The hazards of anemia in pregnant women
Firstly, the occurrence of anemia during pregnancy is very common, and most cases are mild anemia, but a small proportion can be severe. The harm of anemia comes from two aspects: one is that it is harmful to the fetus, as anemia during pregnancy can affect the intellectual development of the fetus, which is very clear. Another harm comes from the mother, such as the possibility of postpartum hemorrhage or infection. If a cesarean section is performed, our hemoglobin must not be lower than 80 grams. If it is below 80 grams, a blood transfusion or intraoperative blood preparation is needed.

What is the earliest gestational week that a premature baby can survive?
Preterm infants, how many weeks can survive, first let's talk about the concept of preterm birth. The concept of preterm birth is more than 28 weeks but less than 37 weeks, this is called premature birth. However, with the improvement of neonatal resuscitation technology, in China, if it’s after 26 weeks, the vast majority of newborns can also survive. But after survival, the cost is quite high. For instance, if it's in a top-tier hospital, the cost for newborns born between 26 and 28 weeks can be around several hundred thousand yuan. So, even after some medical insurance policy reimbursements, you would still have to spend around tens of thousands of yuan on your own.

The difference between postpartum hemorrhage and menstruation
The difference between postpartum hemorrhage and menstruation varies whether it is a vaginal delivery or a cesarean section. The timing of postpartum bleeding varies, and it also relates to postpartum lochia. If the bleeding occurs within 24 hours, it is called severe postpartum hemorrhage; most frequently, we encounter bleeding after 24 hours. Typically, for vaginal deliveries, bleeding occurs within seven days. In cesarean sections, due to the uterine incision, healing is needed, and the duration of bleeding varies by individual and health, commonly lasting from one to two months post-operation. Postpartum bleeding is due to incomplete healing of the uterine lining, which is different from menstrual bleeding. Menstrual bleeding is usually heavier in the initial days and the blood is dark red with a cyclic pattern. In contrast, postpartum bleeding does not have a cyclic nature; it usually consists of fresh red or dark blood, whereas menstrual bleeding typically involves dark blood.

Does ovarian teratoma affect pregnancy?
In gynecology, teratomas are a very common type of ovarian cyst.
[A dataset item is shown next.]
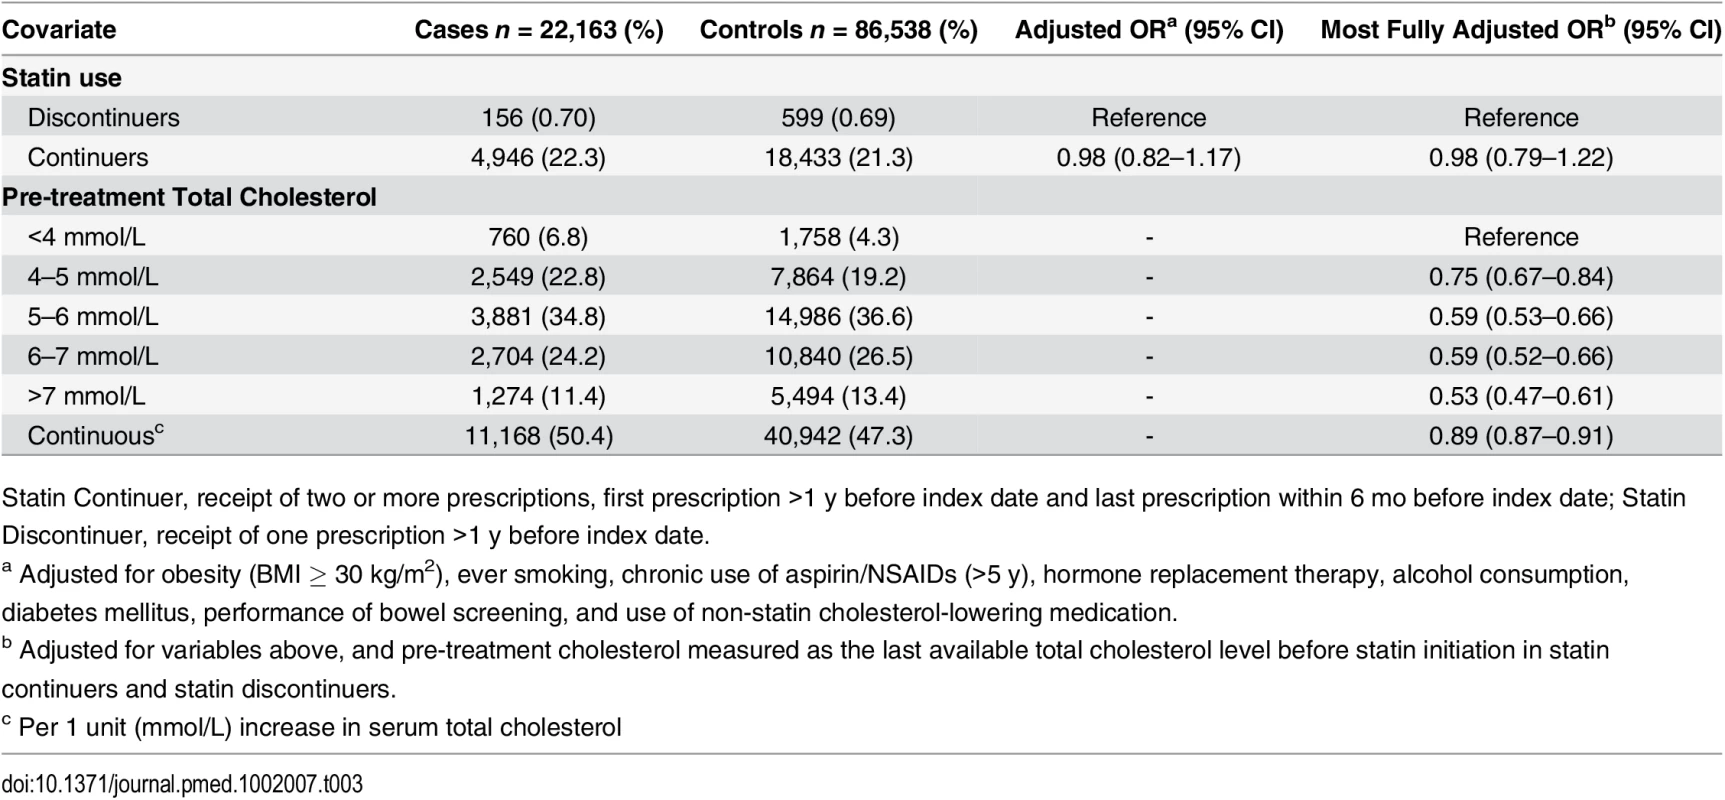 ORs for colorectal cancer risk in statin continuers relative to discontinuers, adjusting for pre-treatment total cholesterol.

If a teratoma is discovered during the pre-pregnancy period, its size should be considered. If the teratoma is larger than five centimeters in diameter and is accompanied by abnormalities on a CT scan, it is recommended to undergo surgery before attempting to conceive. If the teratoma is very small, such as two to three centimeters in diameter, it does not affect future pregnancy. If a teratoma is discovered during early pregnancy, opinions vary. Some recommend surgical treatment after the first trimester, while others suggest a pregnancy observation plan. Teratomas during pregnancy are prone to complications such as ovarian cyst torsion, which can cause abdominal pain. Therefore, if you have a teratoma and successfully conceive, be mindful of any pain.